Stored data: Begin

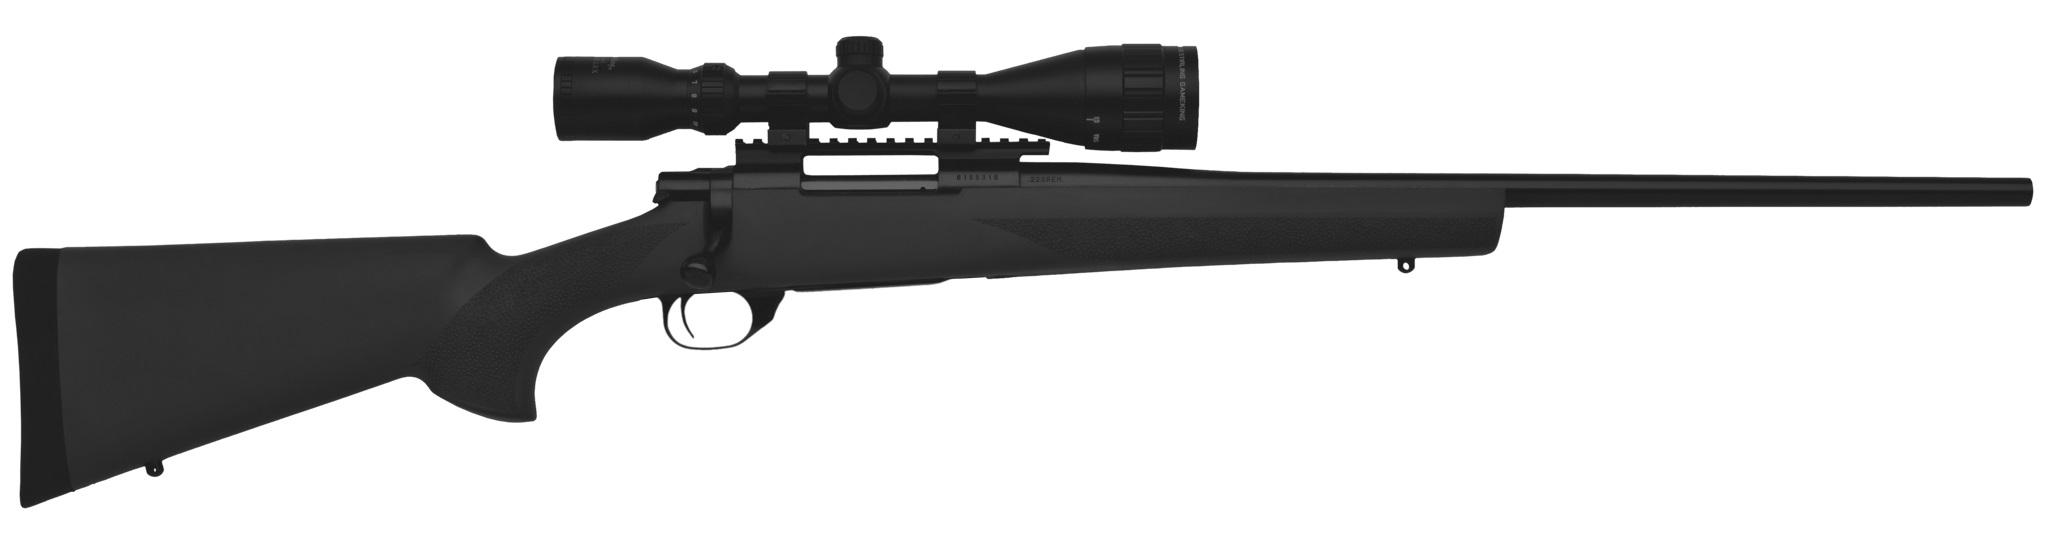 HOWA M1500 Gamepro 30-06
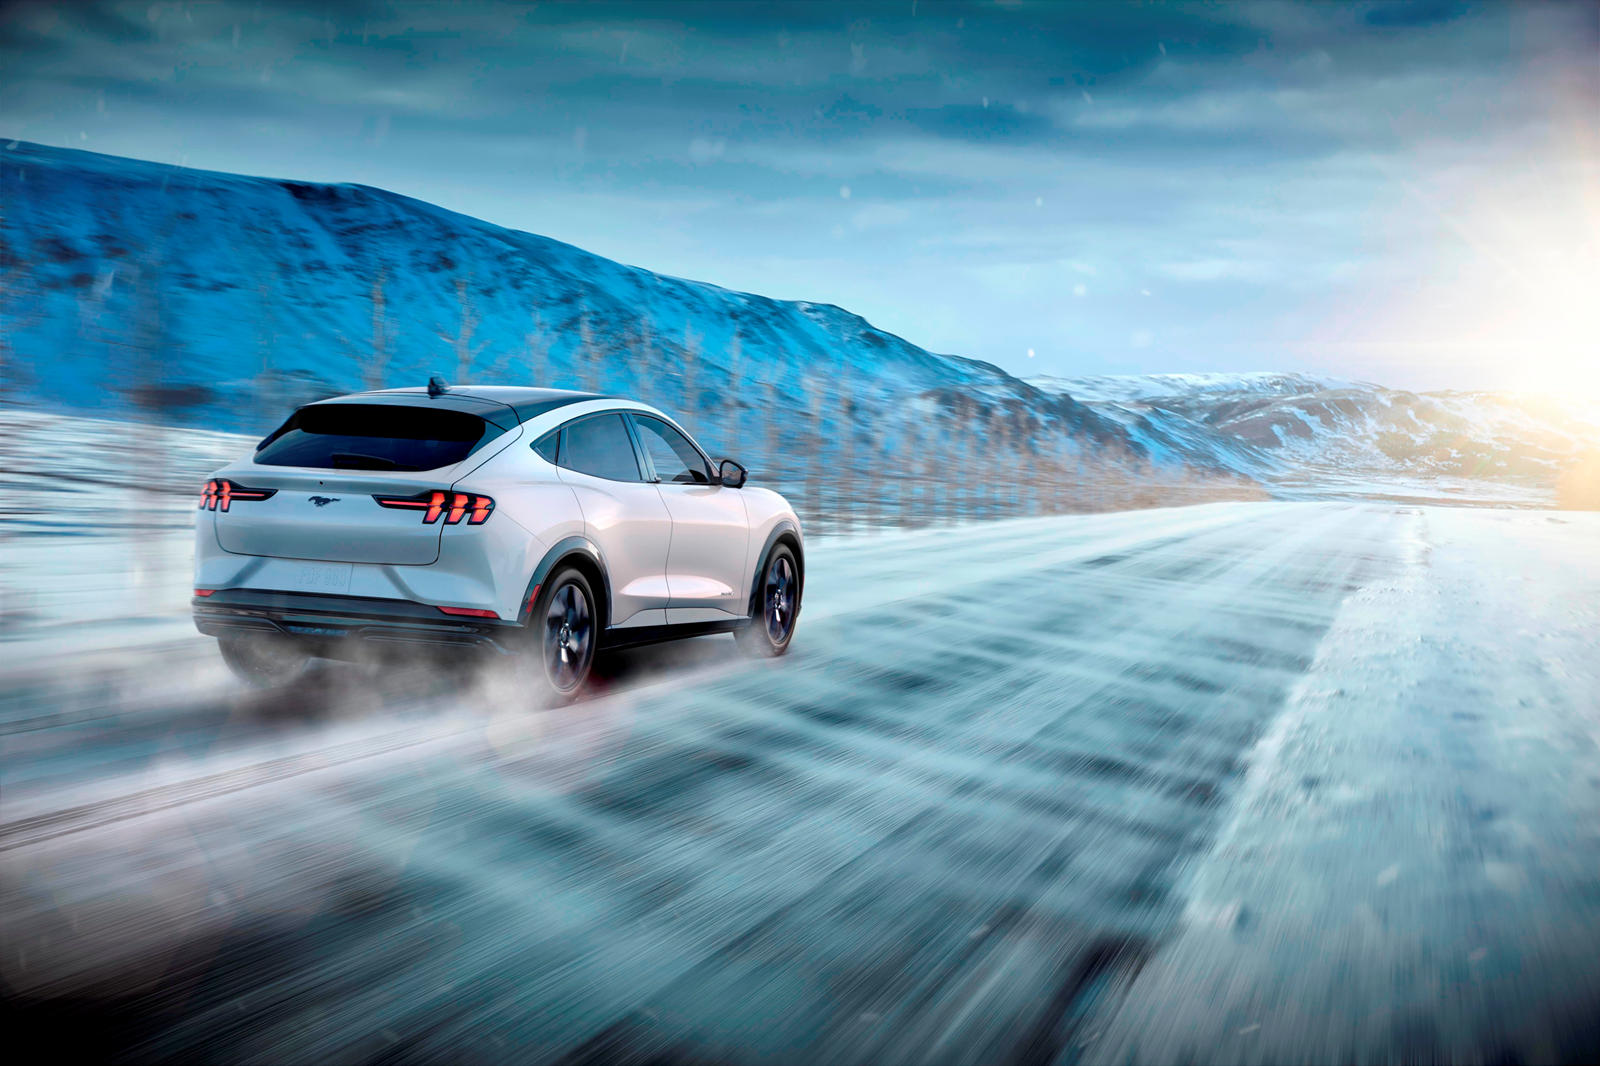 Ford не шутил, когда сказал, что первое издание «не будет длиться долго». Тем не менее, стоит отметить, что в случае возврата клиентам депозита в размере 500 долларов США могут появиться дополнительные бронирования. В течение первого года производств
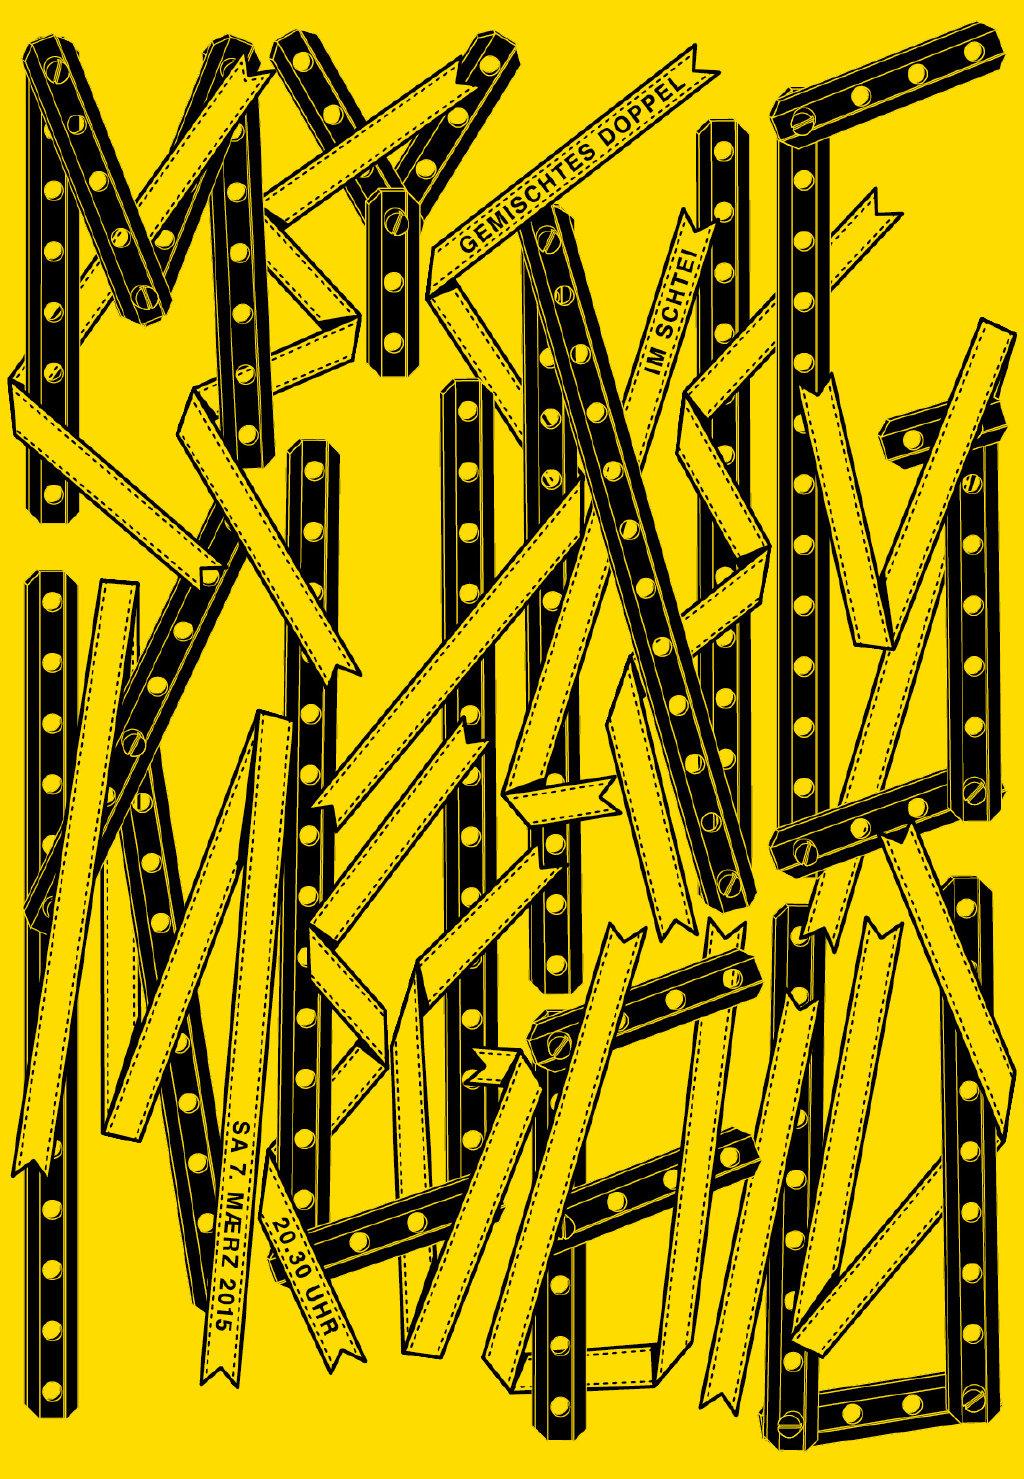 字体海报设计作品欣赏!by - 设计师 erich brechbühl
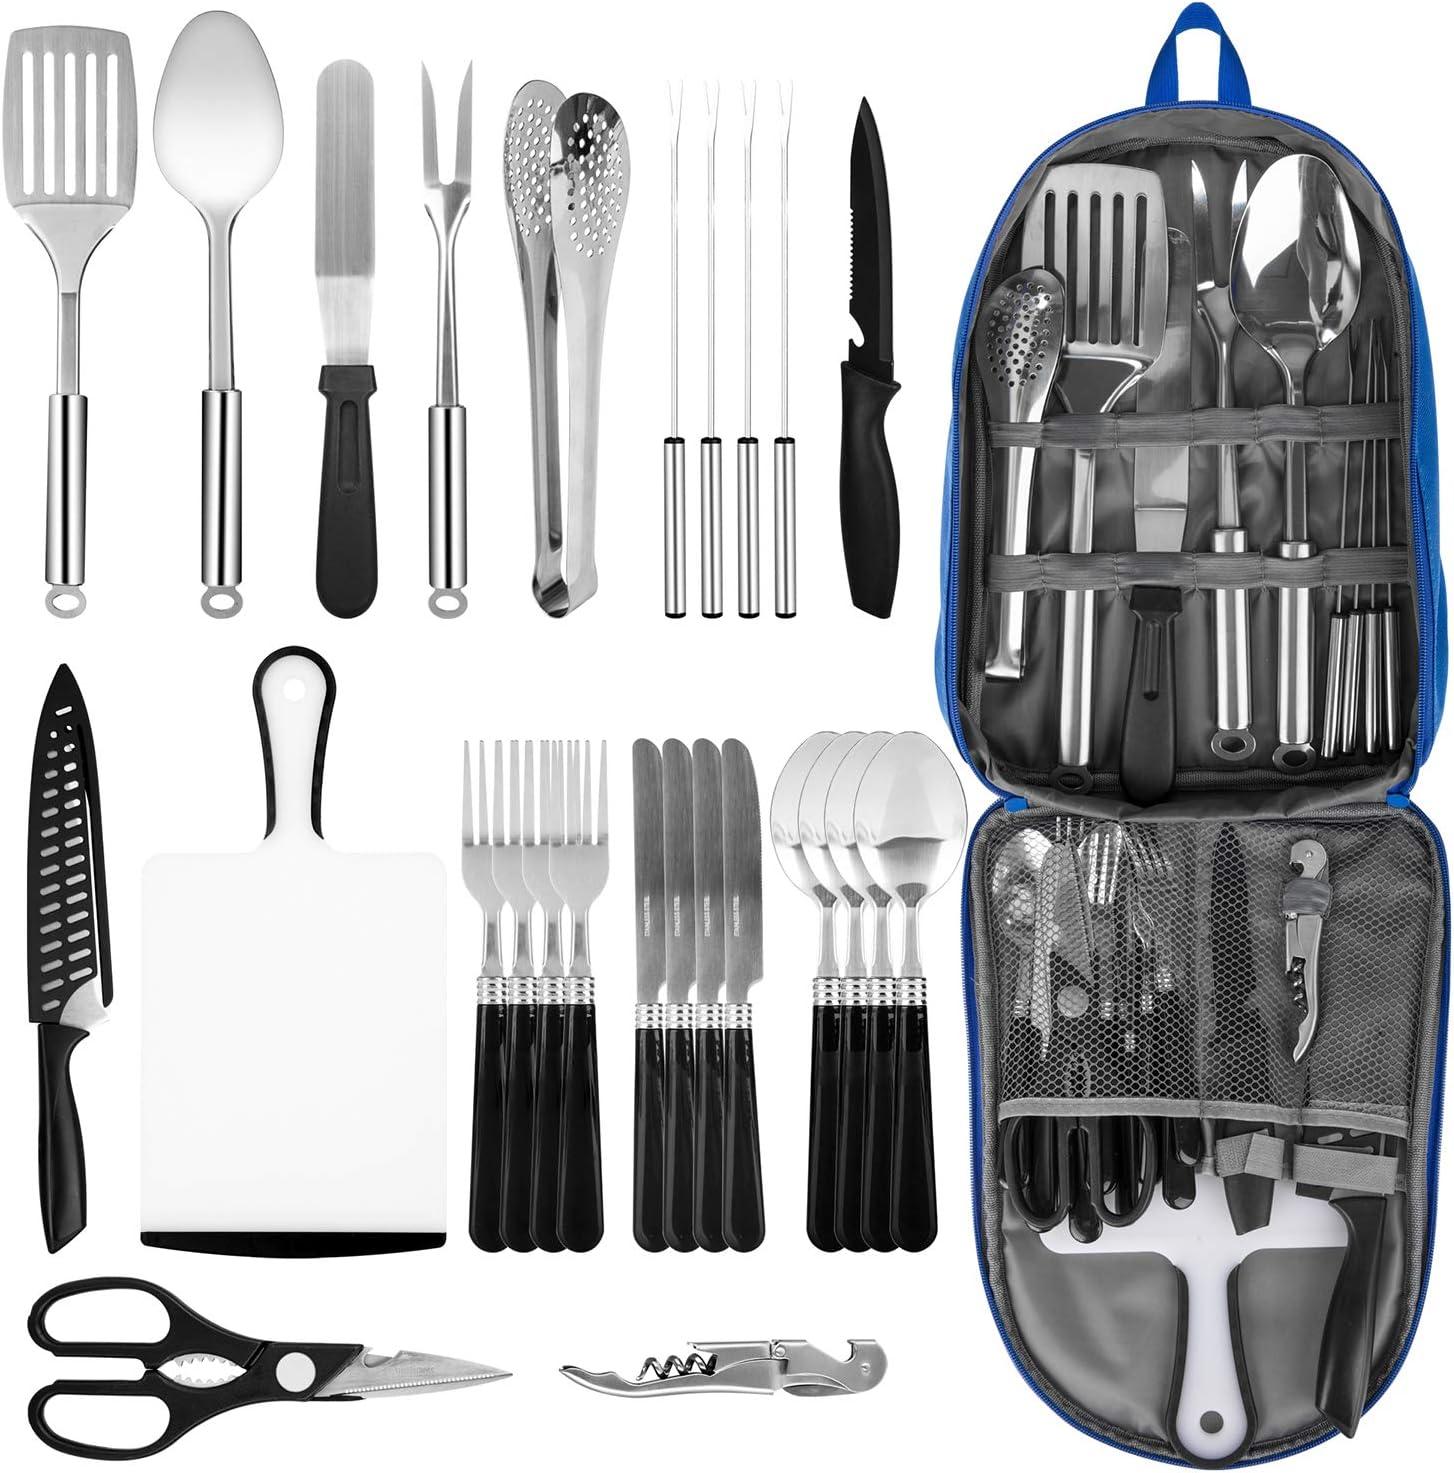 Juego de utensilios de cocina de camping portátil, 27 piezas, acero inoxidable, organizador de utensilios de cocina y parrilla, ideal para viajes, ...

Stored data: End

## What the task asks
Output nothing but the lines from the line with "字体海报设计作品欣赏!by - 设计师 erich brechbühl" through the last line of the material above, please, word for word and without the pictures.

## Task solution
 字体海报设计作品欣赏!by - 设计师 erich brechbühl
 Juego de utensilios de cocina de camping portátil, 27 piezas, acero inoxidable, organizador de utensilios de cocina y parrilla, ideal para viajes, ...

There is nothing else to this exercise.